- [Task to complete] Quote the whole listing exactly. Leave the pictures out of your copy.

- [Source material]

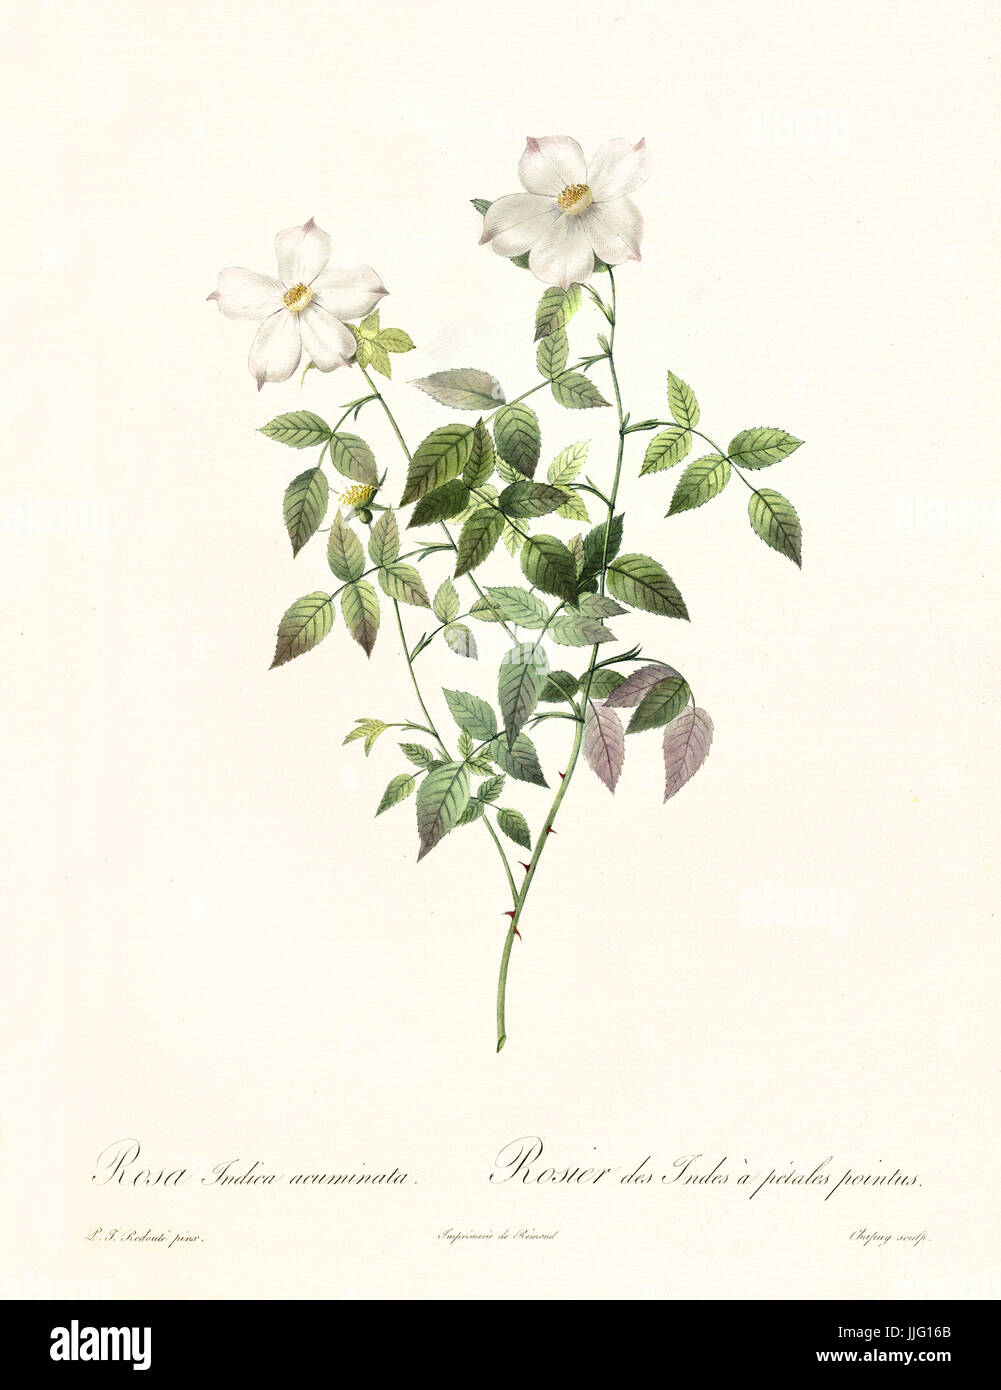 Vecchia illustrazione di rosa indica acuminati. Creato da P. R. Redoute, pubblicato su Les Roses, Imp. Firmin Didot, Parigi, 1817-24 Foto Stock
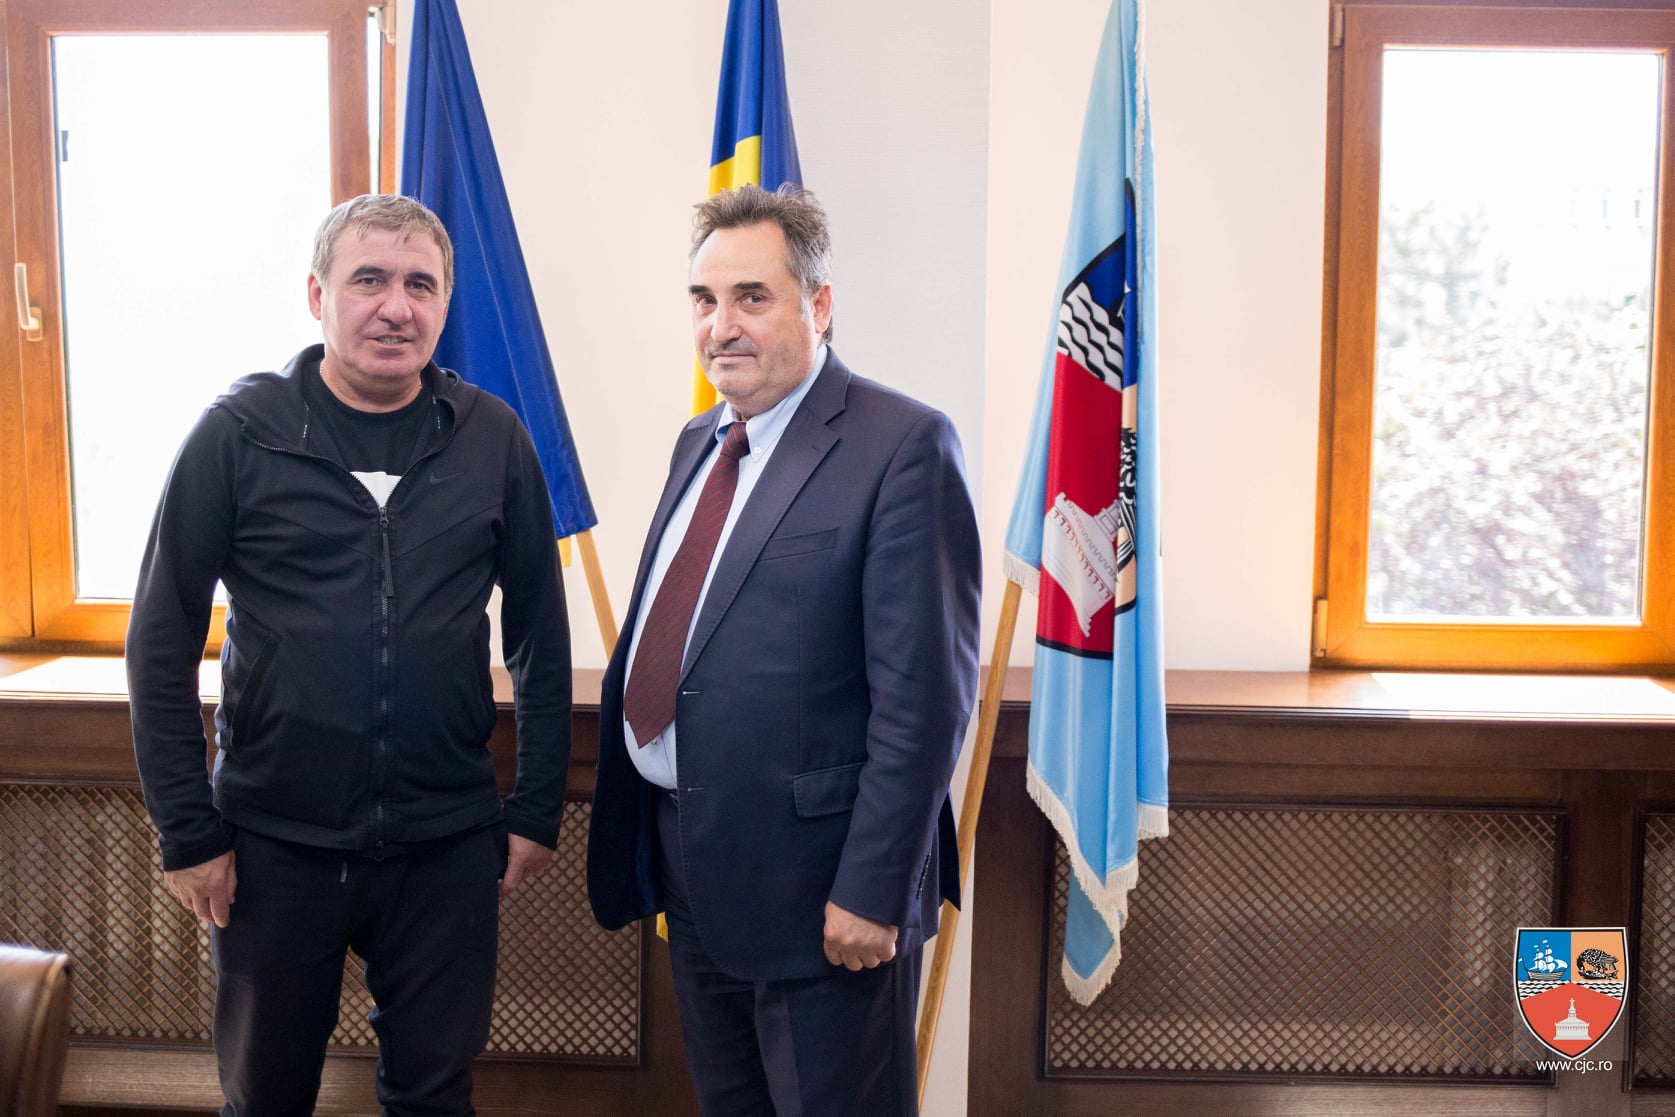 Președintele Consiliului Județean Constanța susține proiectul de fuziune al celor două cluburi de fotbal constănțean, FC Farul Constanța – FC Viitorul
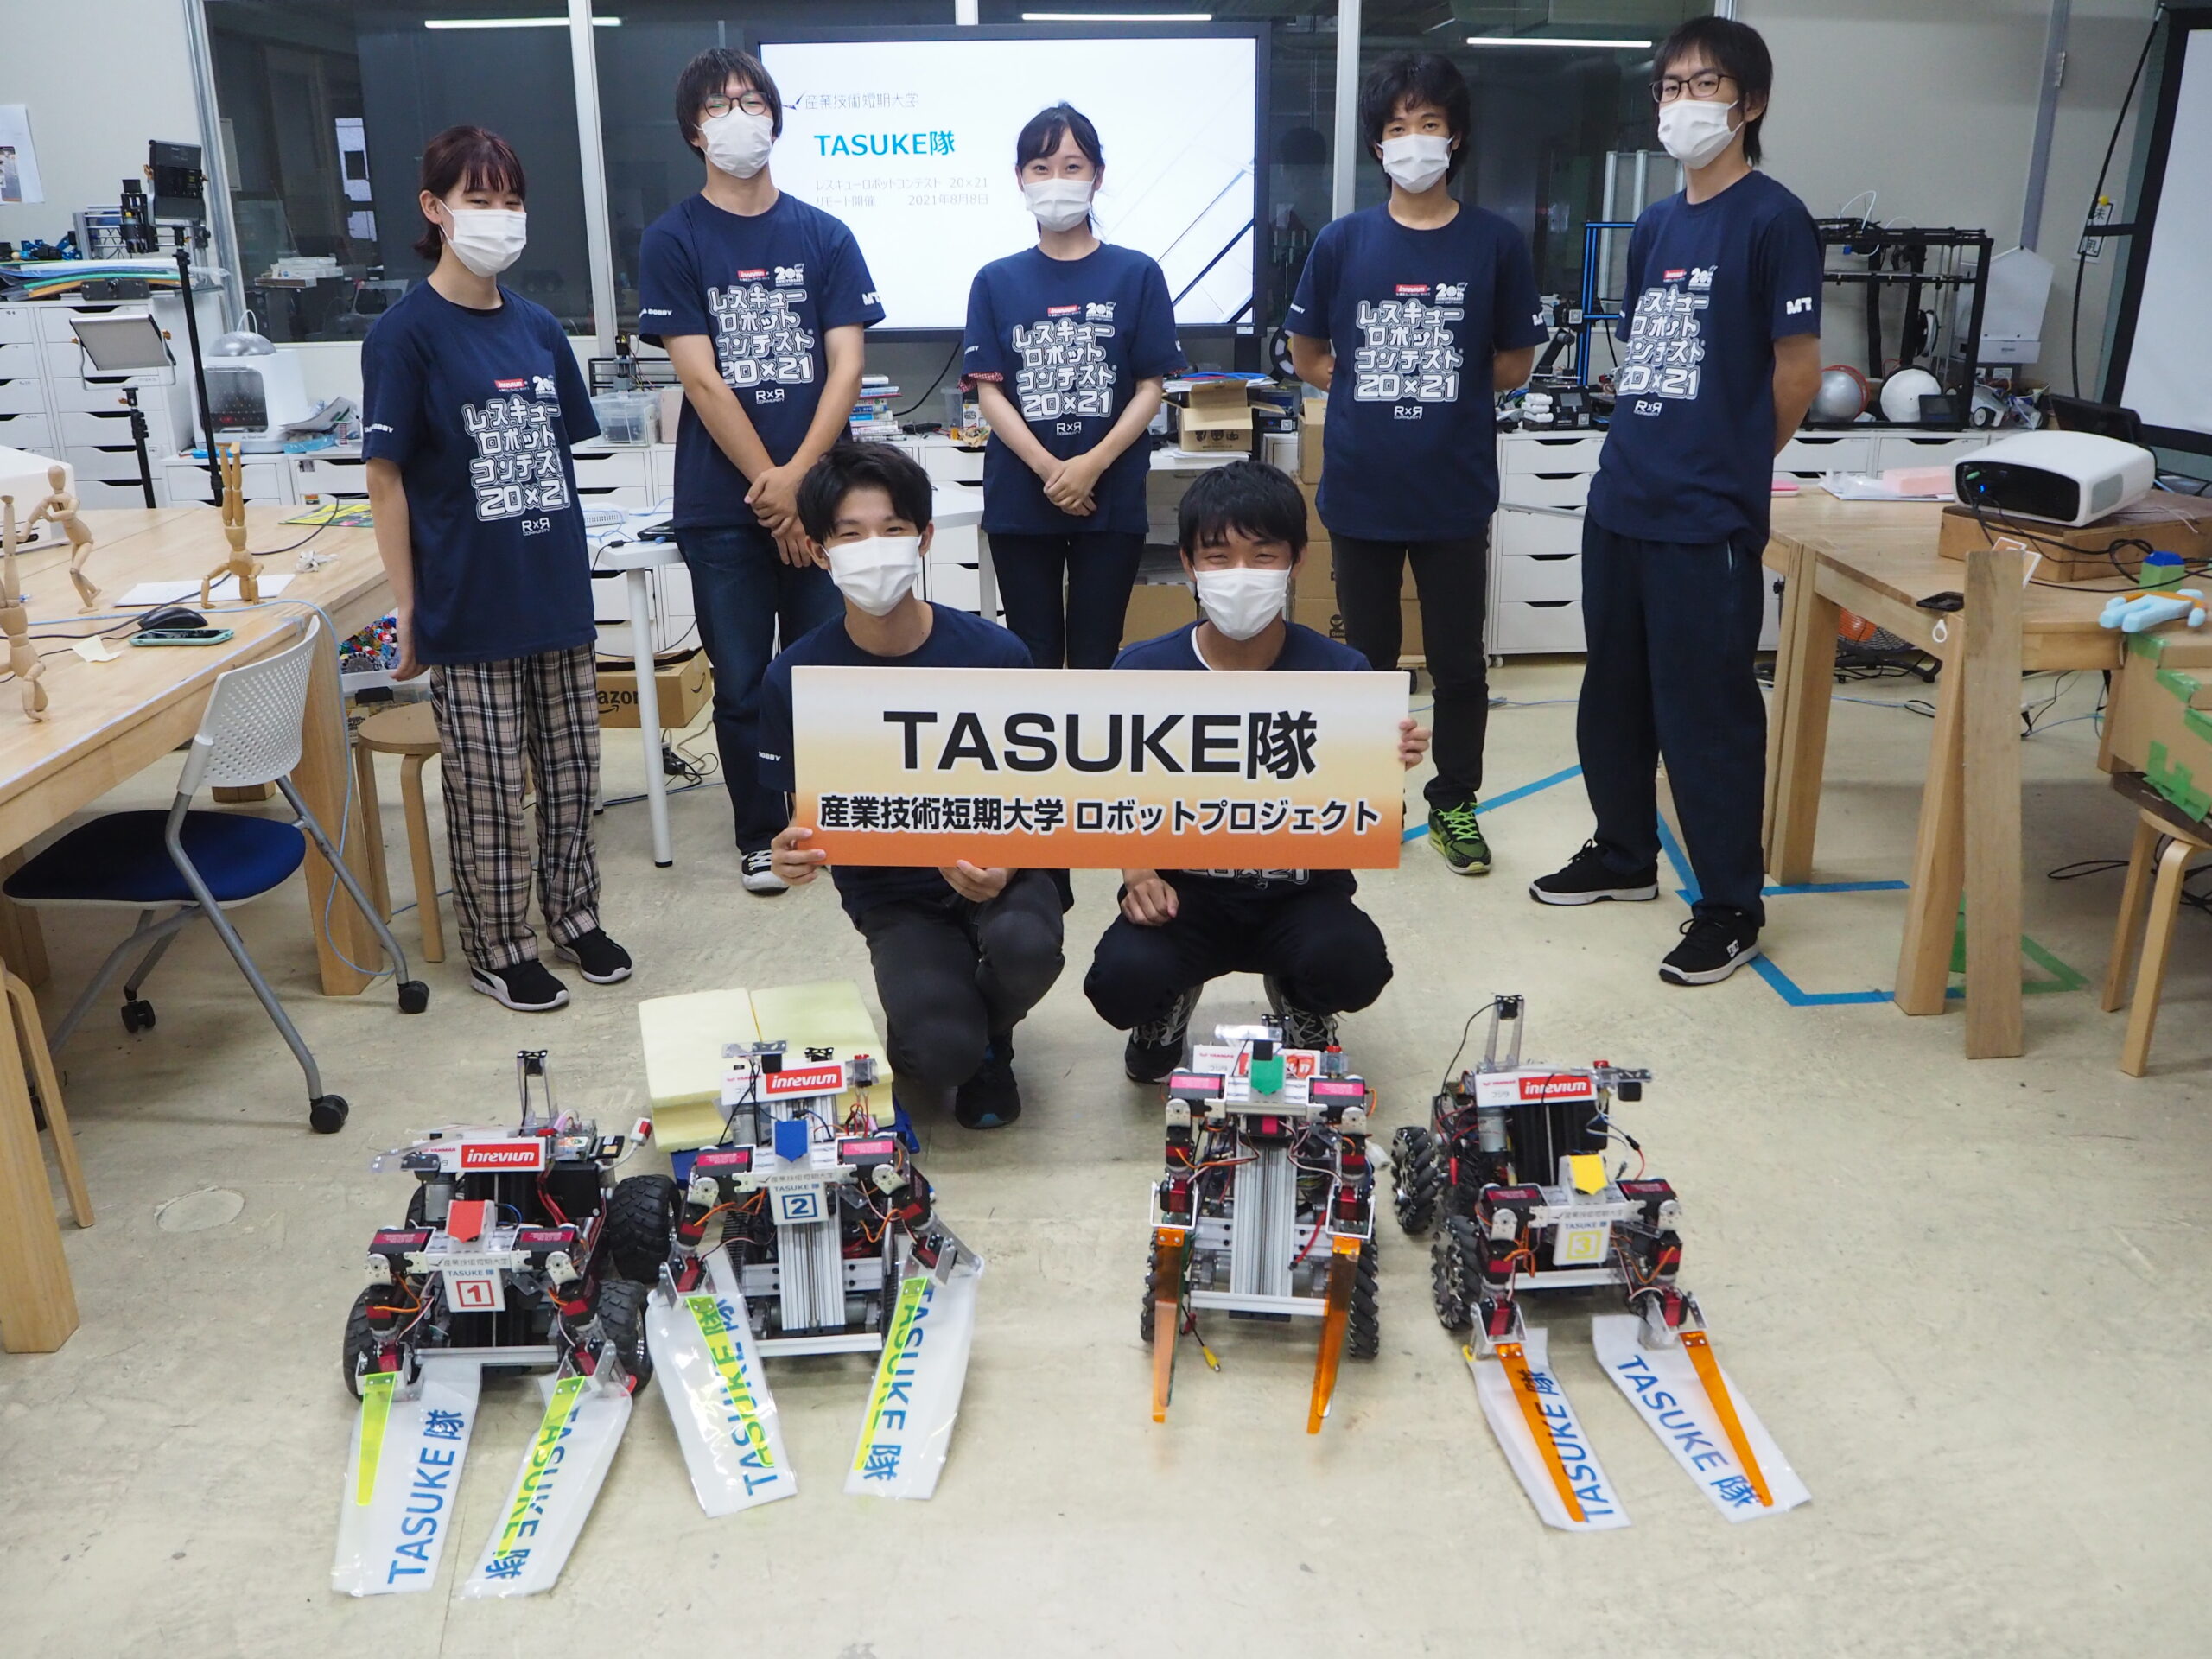 レスキューロボットコンテスト20×21に参加し「レスキュー工学アイデア賞」を受賞しました！

- [Solution to the problem]
 Vecchia illustrazione di rosa indica acuminati. Creato da P. R. Redoute, pubblicato su Les Roses, Imp. Firmin Didot, Parigi, 1817-24 Foto Stock
 Președintele Consiliului Județean Constanța susține proiectul de fuziune al celor două cluburi de fotbal constănțean, FC Farul Constanța – FC Viitorul
 レスキューロボットコンテスト20×21に参加し「レスキュー工学アイデア賞」を受賞しました！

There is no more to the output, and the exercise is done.